Data provided:
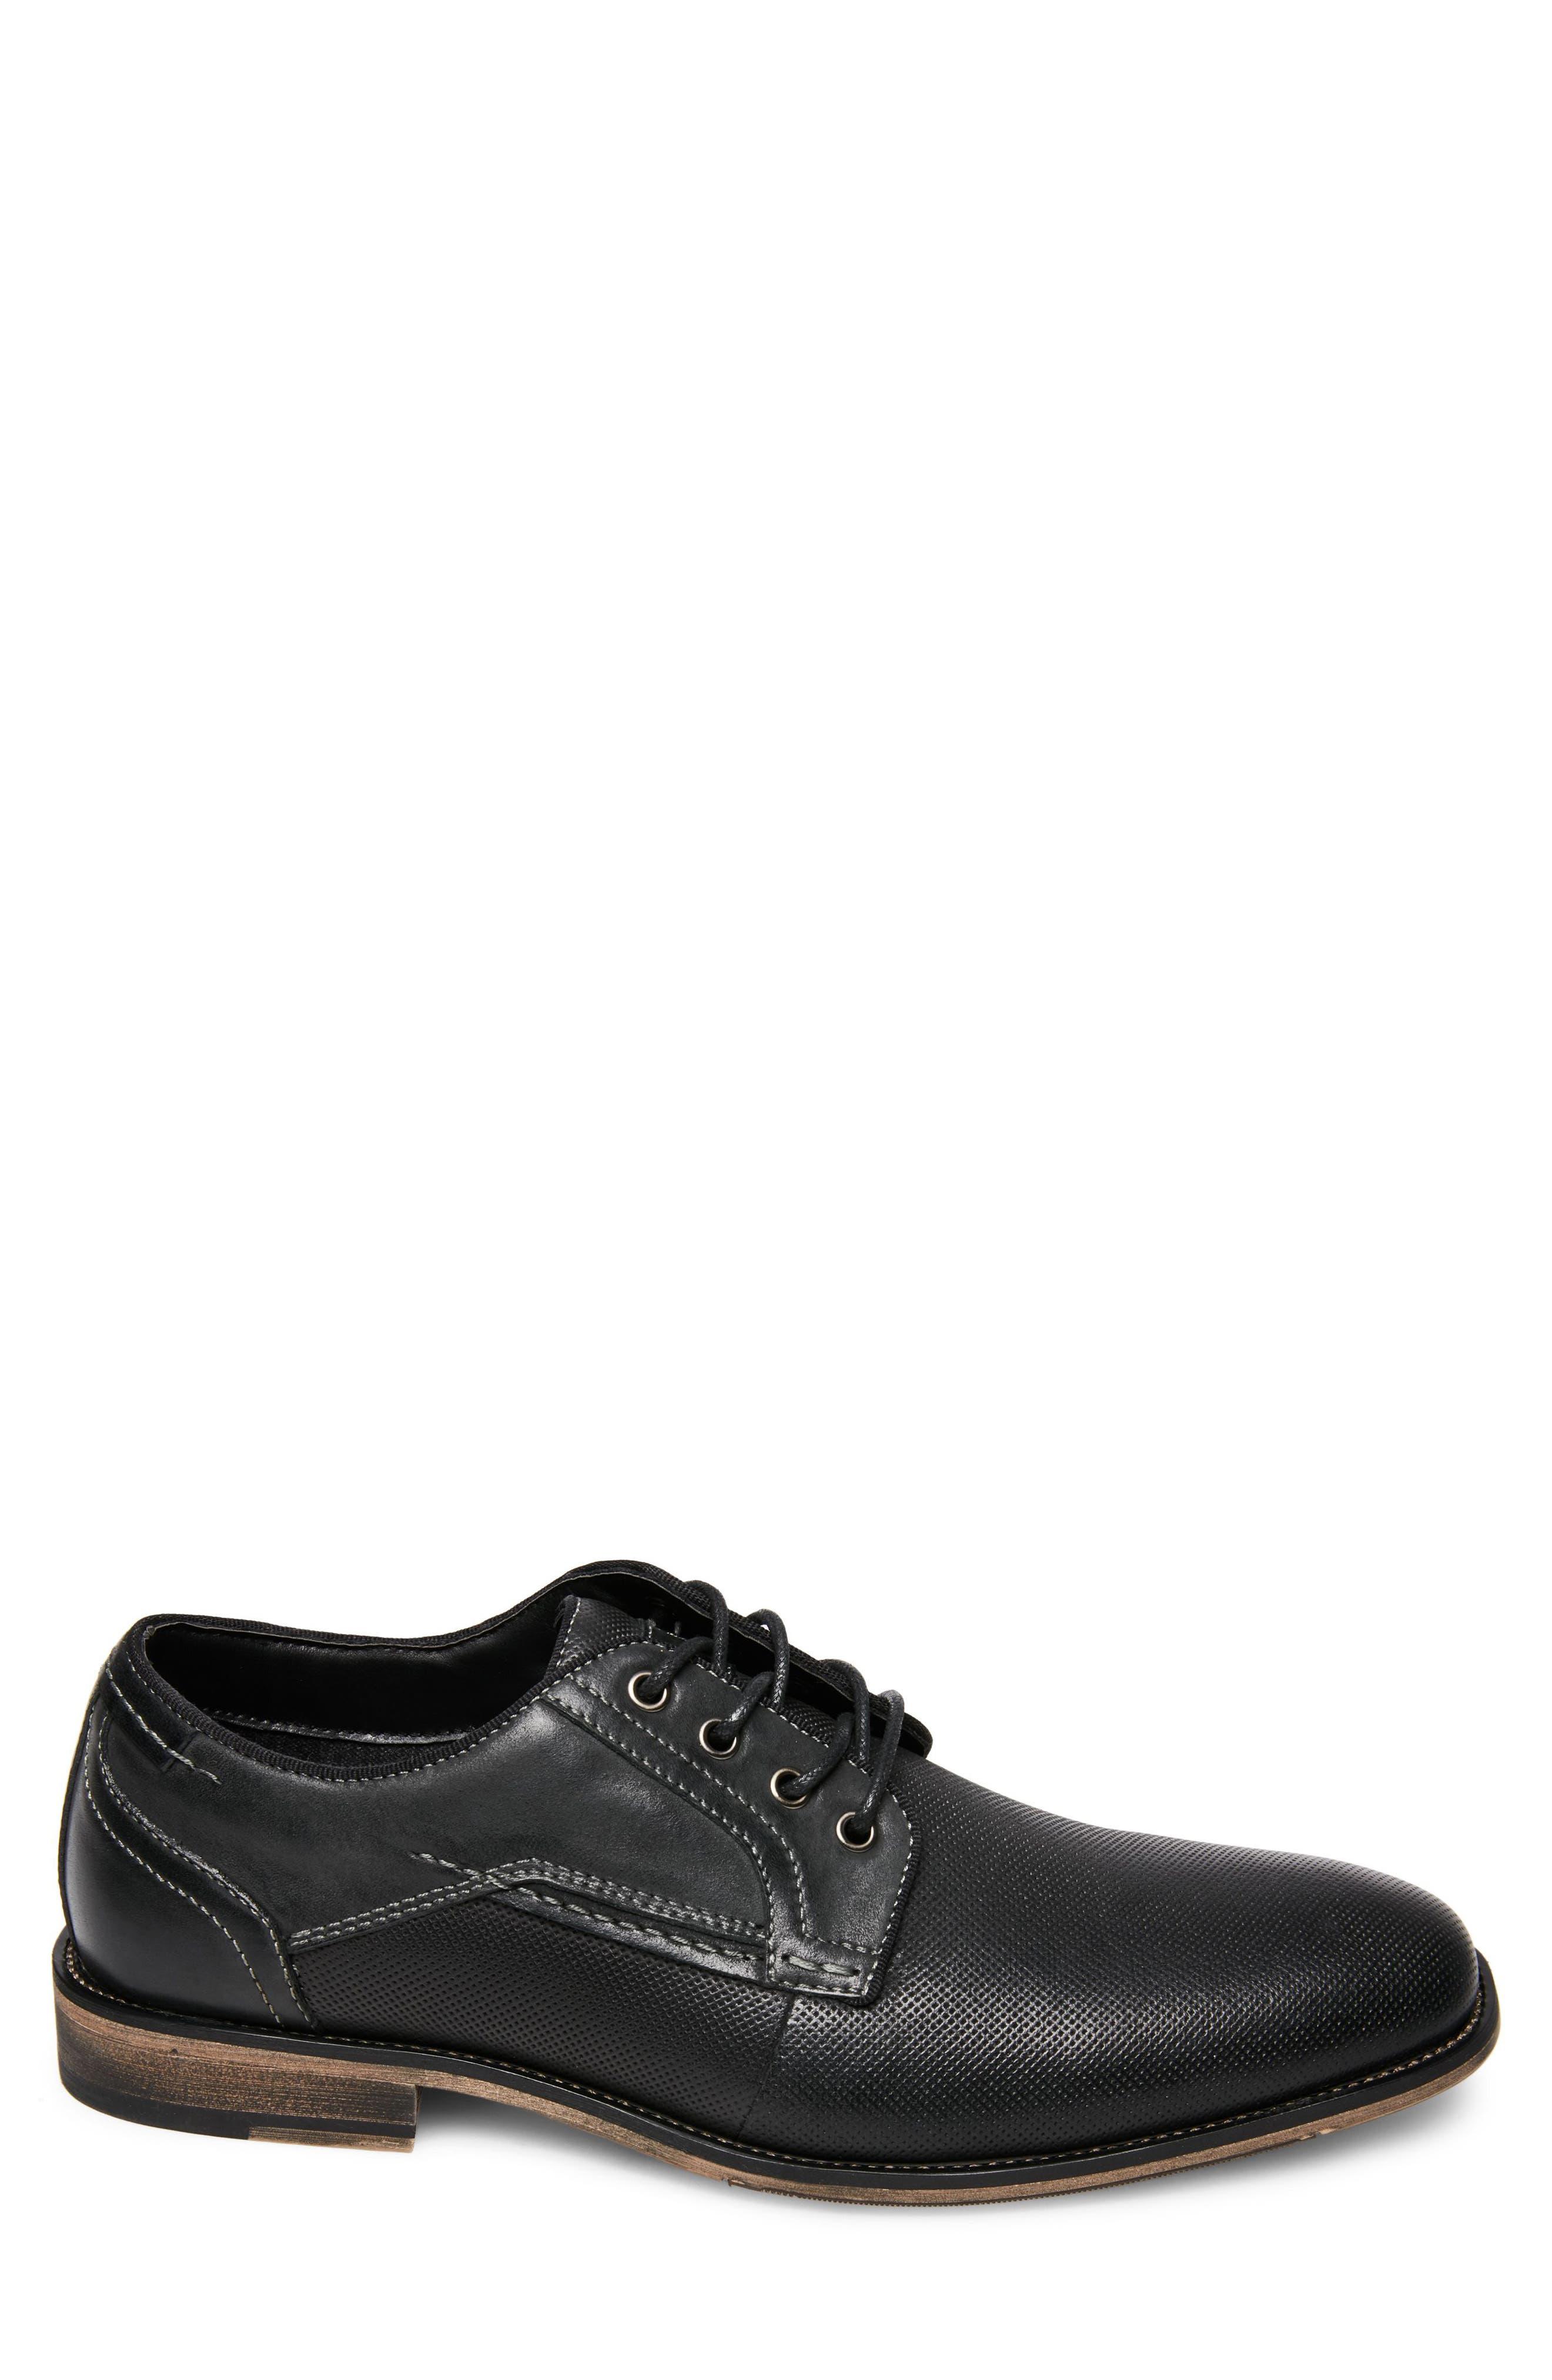 Jaysun Embossed Plain Toe Derby,                             Alternate thumbnail 3, color,                             Dark Grey Leather
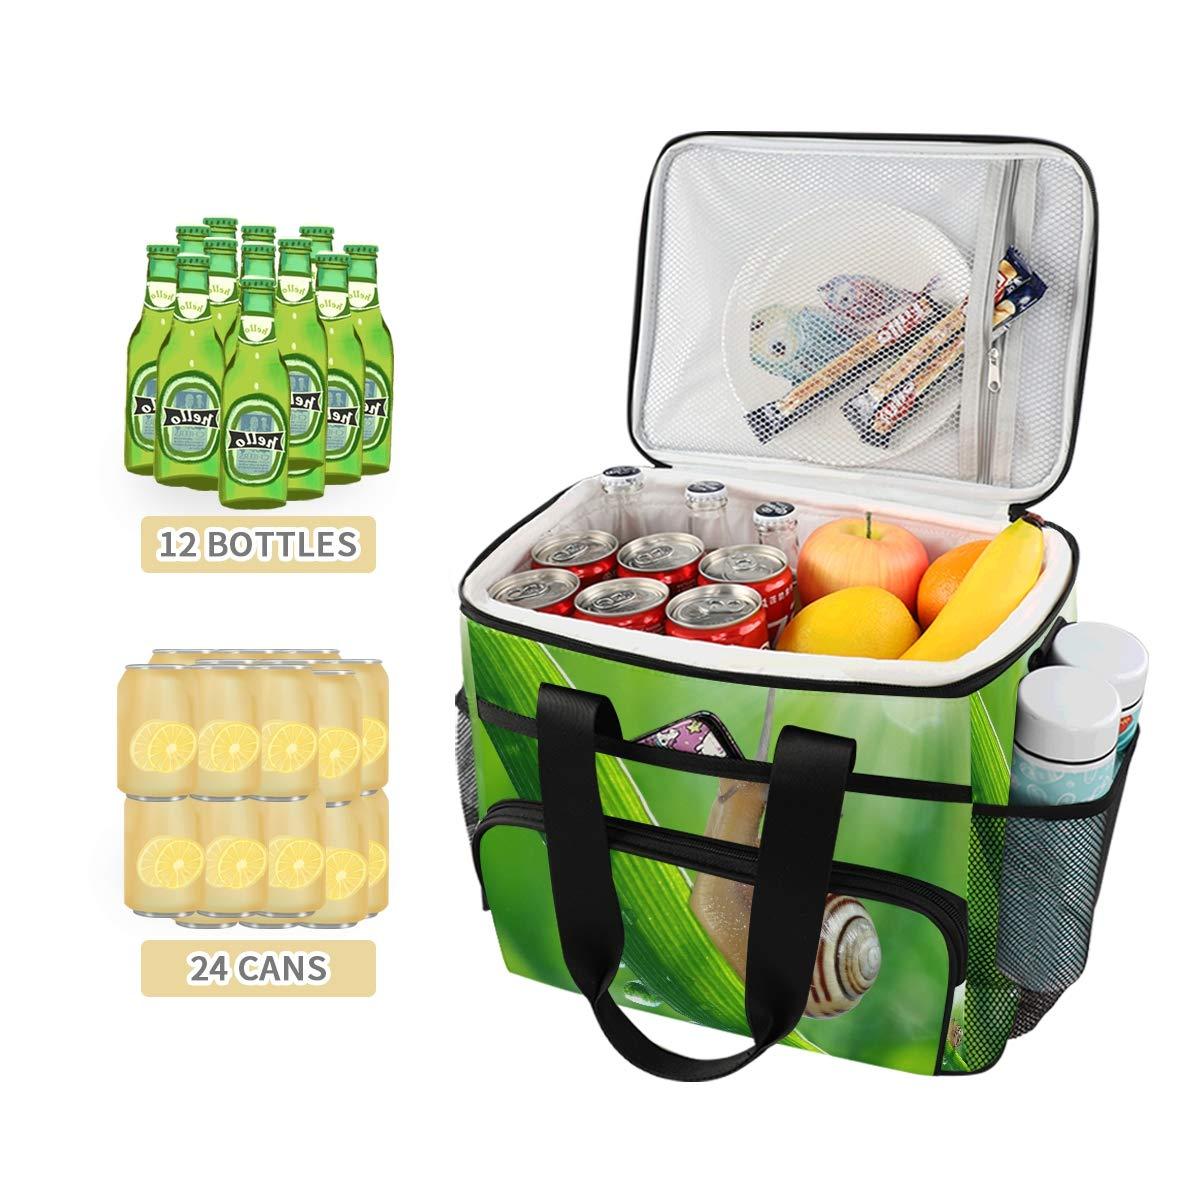 Picnic Cooler Box Snail On Dewy Grass Ice Pack Portable Work Lunch Bag Correa para el hombro: Amazon.es: Hogar
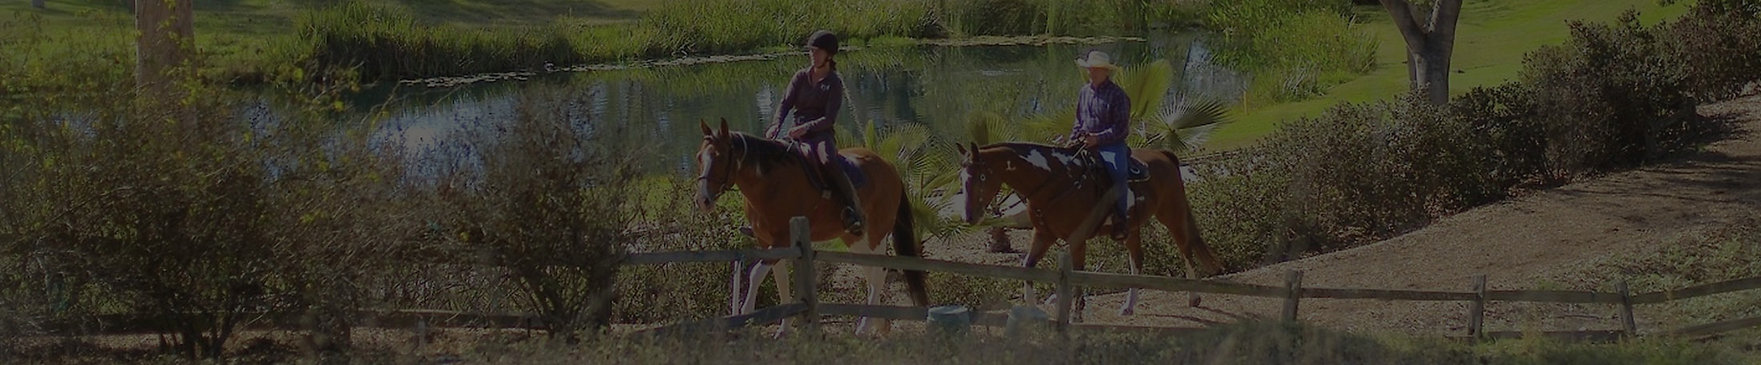 Rancho-Santa-Fe_Horses_001_edited.jpg
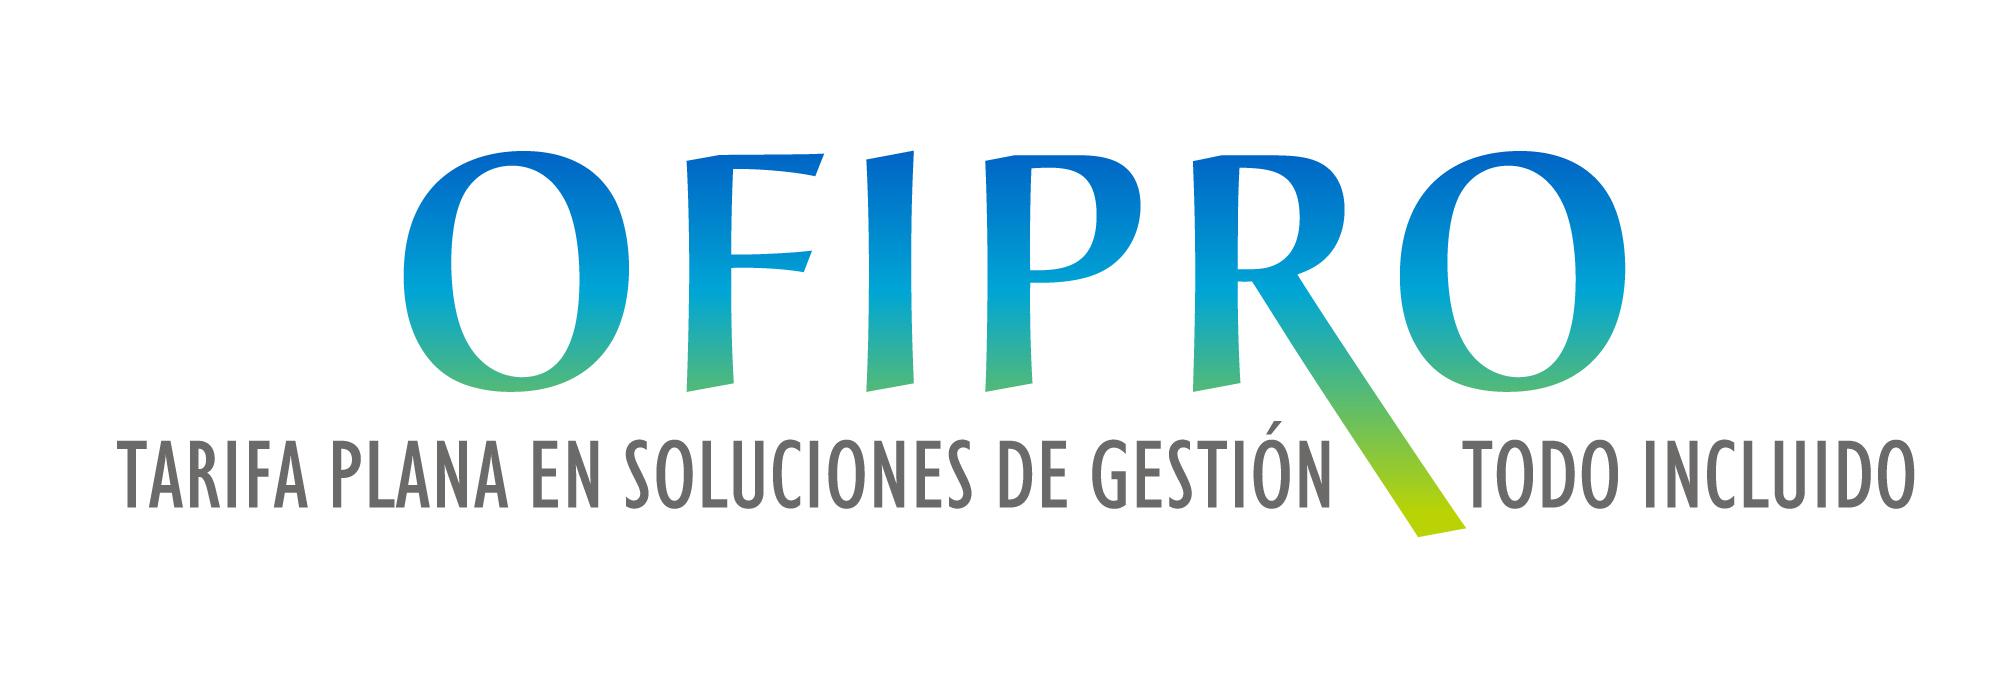 OfiPro logo

What the task requires: Where pictures appear, skip them and transcribe all other material word for word.

Task result:
 Jaysun Embossed Plain Toe Derby,                             Alternate thumbnail 3, color,                             Dark Grey Leather
 Picnic Cooler Box Snail On Dewy Grass Ice Pack Portable Work Lunch Bag Correa para el hombro: Amazon.es: Hogar
 Rancho-Santa-Fe_Horses_001_edited.jpg
 OfiPro logo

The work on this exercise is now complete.